Yes, you can create a drive with a bootable image of Windows 8 on it. Windows 8 comes with a recovery drive creation tool (just do a Windows search for “recovery drive” and it will pop up) that will either copy your recovery partition onto a flash drive or, if you don’t have a recovery partition, it will copy a bootable Windows 8 image, and let you worry about drivers and software later.
The drive itself doesn’t have to be huge, Microsoft estimates you may need 3GB to 6GB, but recovery partitions can vary, so the recovery drive creation tool will tell you how large a drive you’ll need in your particular case. Once you have that drive, you should be able to use it to restore from newer Windows of the OS the same way you would from the current version.
Keep in mind that recovering may not do anything to save your old files, so before you roll back your OS to a previous version, make sure you have all of your files backed up. The upgrading process typically tries to keep your files untouched (so you will actually want to upgrade), but downgrading often involves completely wiping the drive and starting from scratch, don’t assume anything you need will still be there unless you take the steps necessary to make a copy and keep it safe.
You can also make an image backup of your computer using a free backup solution such as EaseUS Todo Backup. That would let you preserve operating system, applications, and data files.
In this case, you’d have the opposite problem.

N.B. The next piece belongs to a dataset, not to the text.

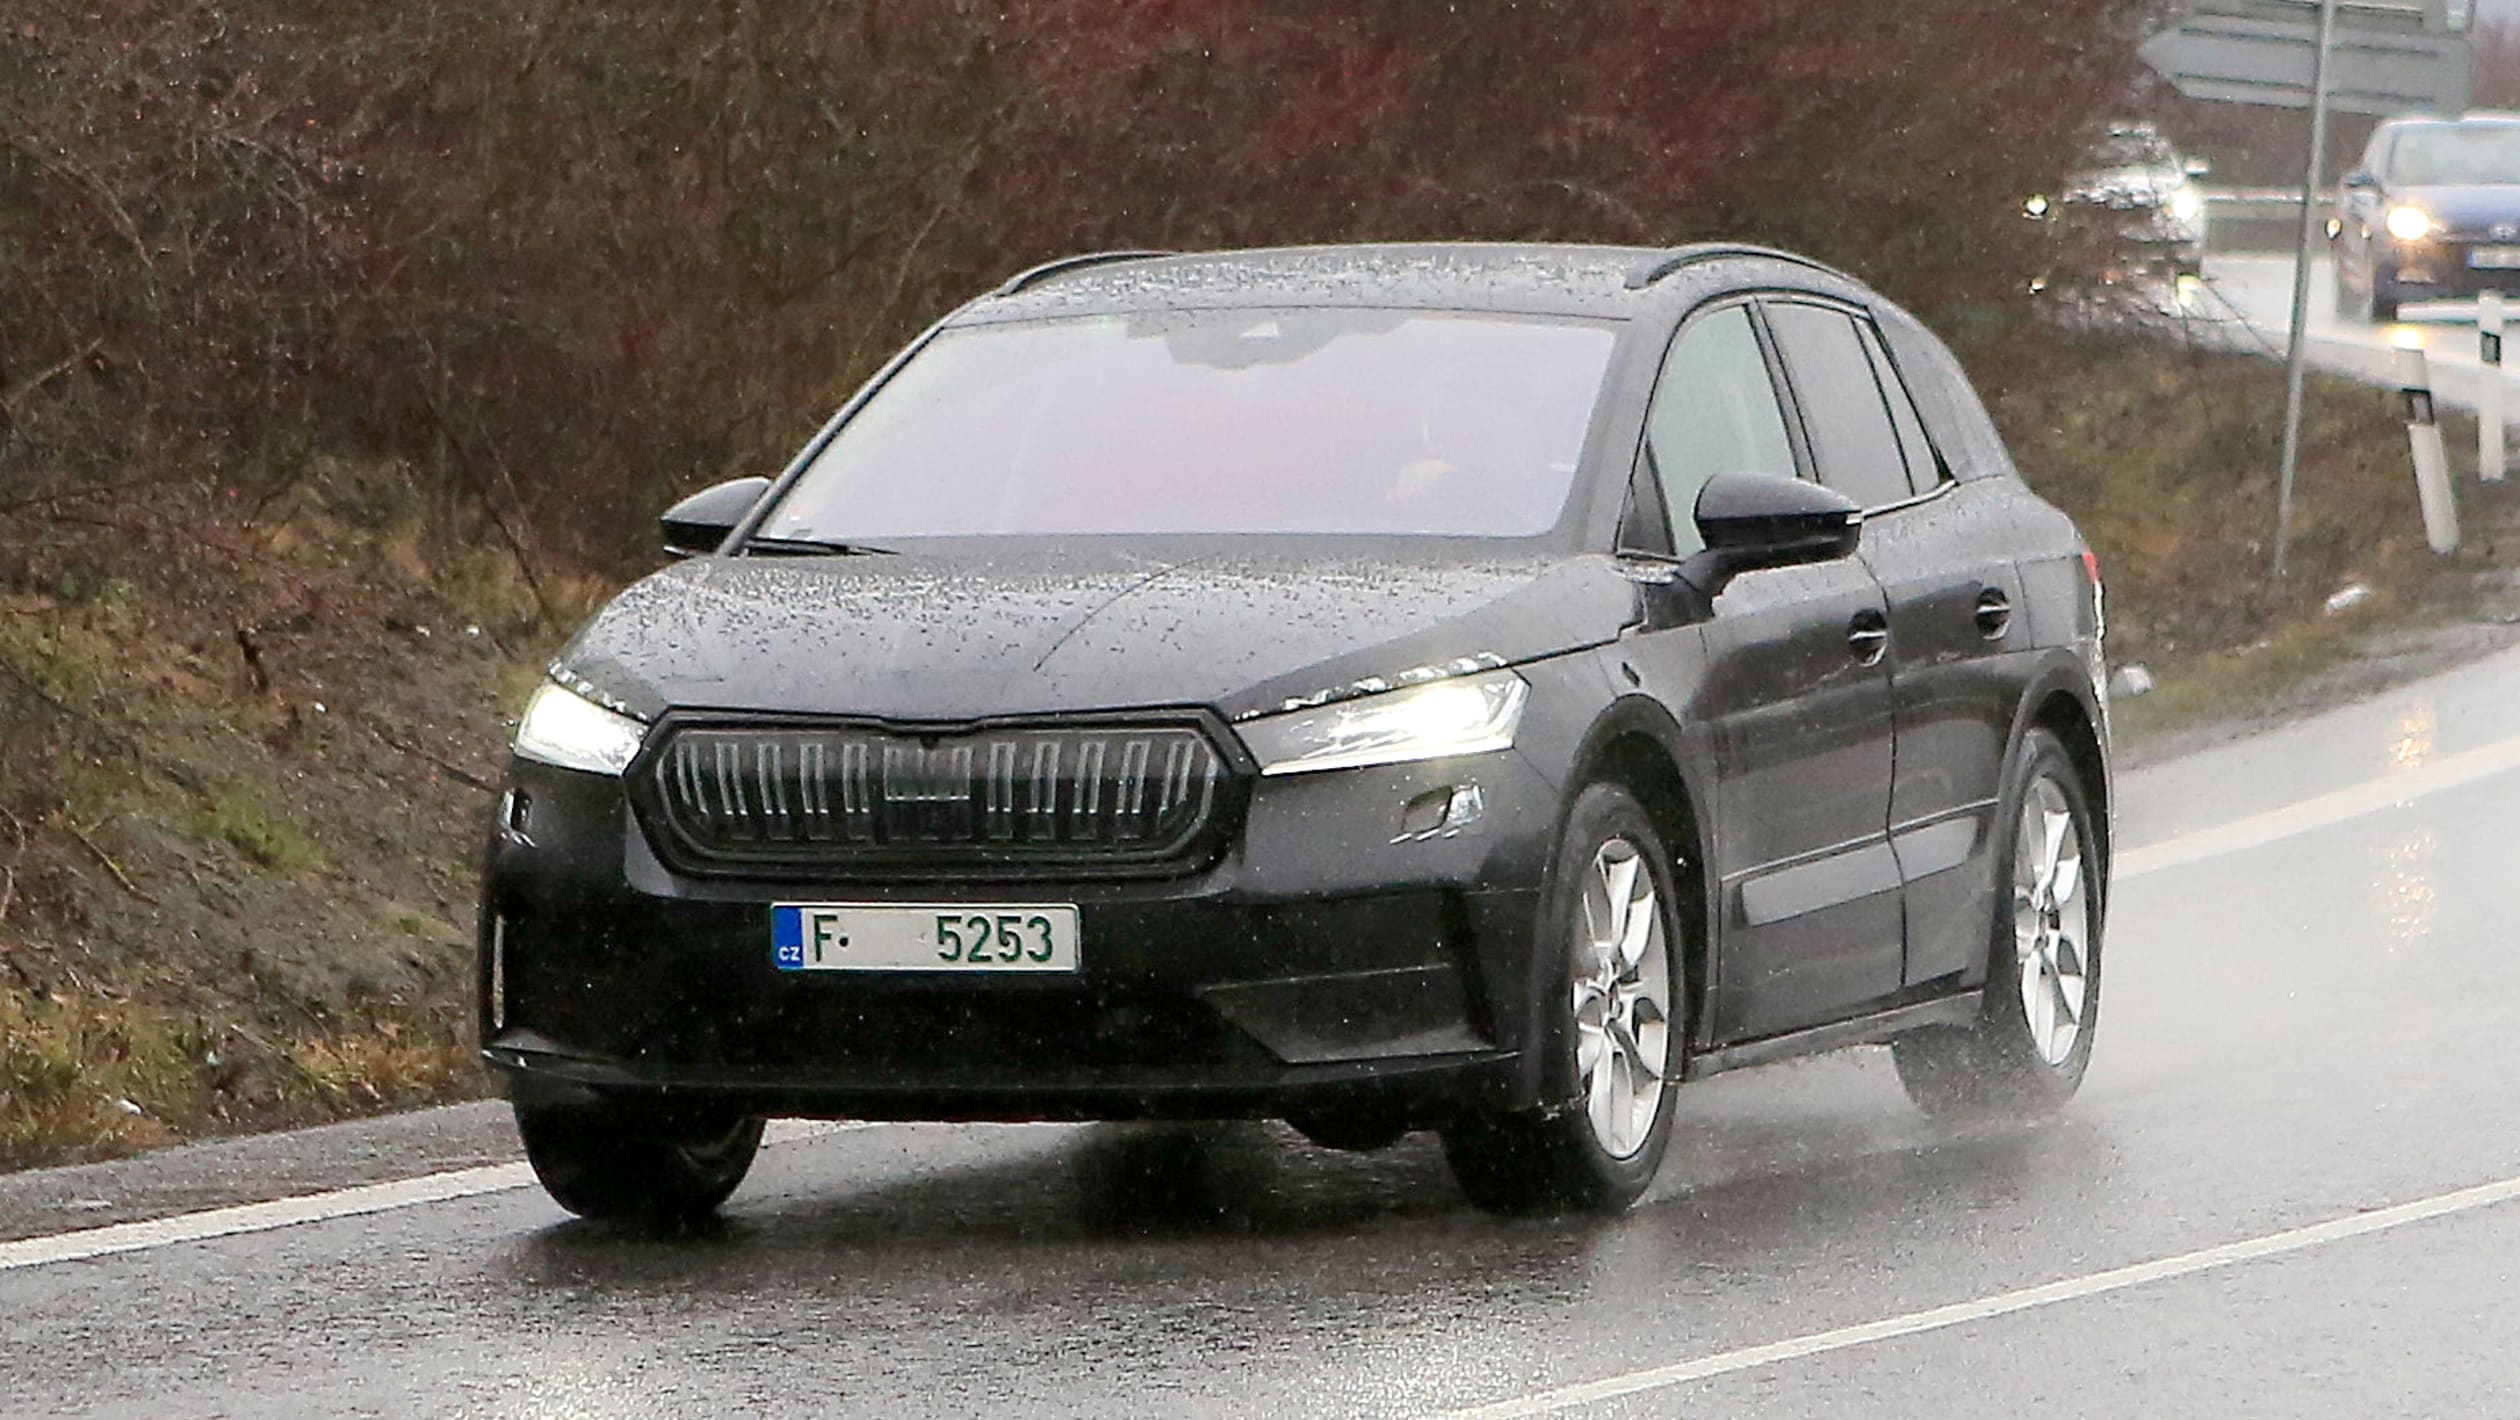 2021 - [Skoda] SUV EV - Page 3 2021%20Skoda%20Enyaq%20spied
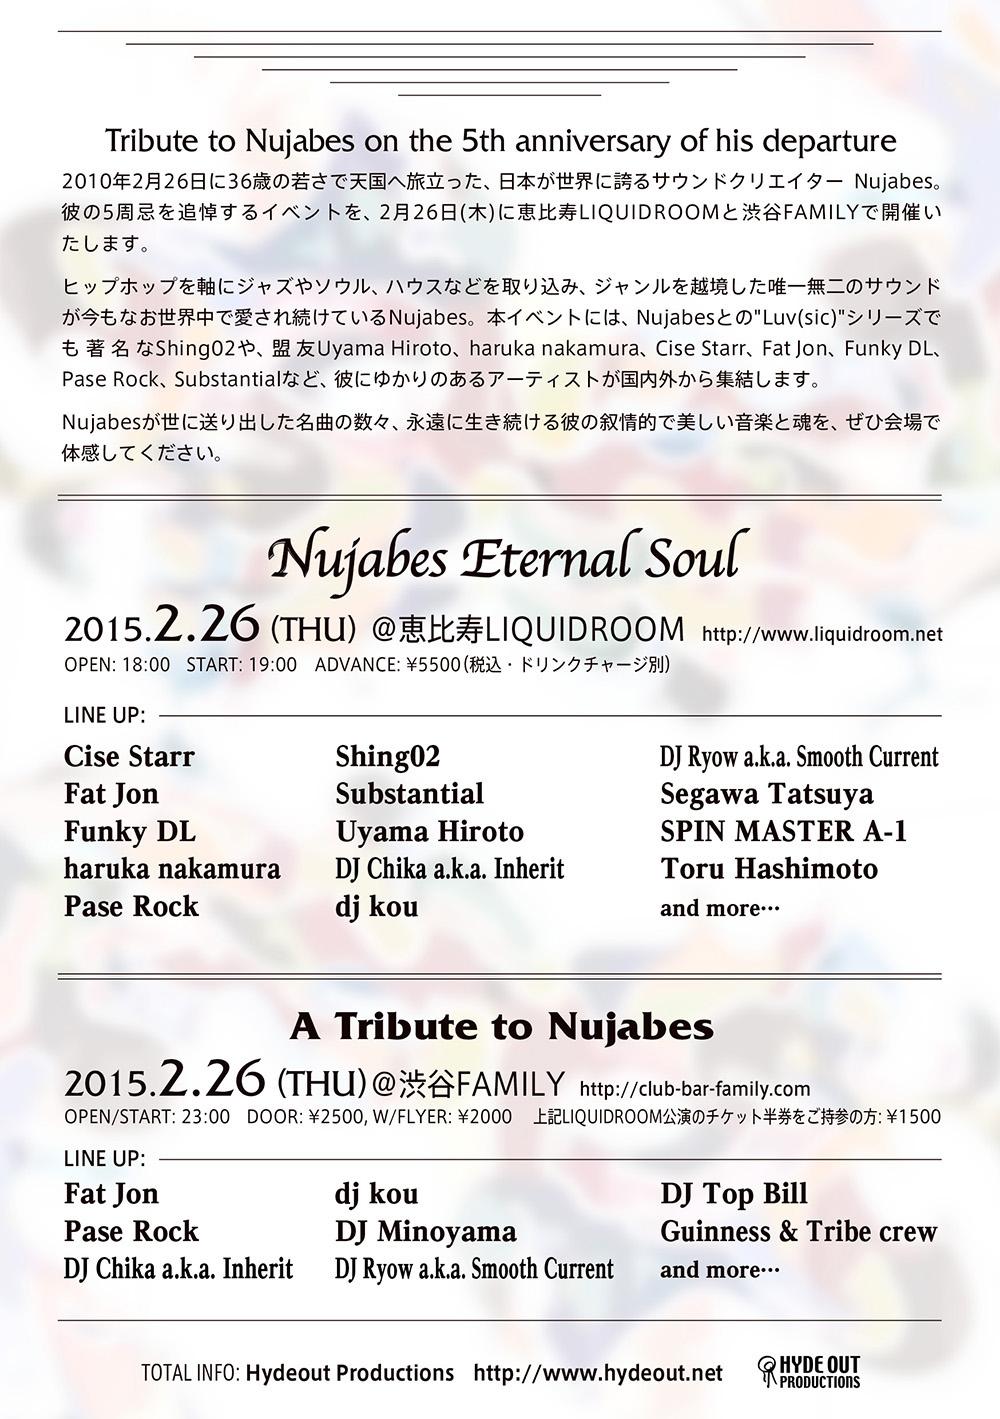 Nujabes Eternal Soul 出演者追加

Your restoration would erase data files created since the backup, so be certain that you backup your data files separately.
For the first 30 days following your Windows 10 upgrade, however, there is an even easier method to roll back if you don’t like Windows 10. Just choose Settings, then Update & security, and finally Recovery. Windows 10 will preserve your old version of Windows for 30 days, and can roll back any time you want.
After 30 days the files will be deleted so if you want to test drive Windows 10 for longer than that, be sure to use one of the other methods we listed for you to make a more permanent roll back option.
If you’re happy with Windows 10, and we’ll bet that you are because we like it ourselves, you can choose to remove those old version files and get yourself some space back. Choose Settings, then Storage, then This PC, and finally Temporary Files. Scroll down to find Previous Version of Windows and then select Delete Previous Versions of Windows. You will have to confirm the deletion. Especially when using smaller boot drives like SSDs, it’s good to clean this up without waiting the month for it to age off on its own–assuming you like Windows 10, however.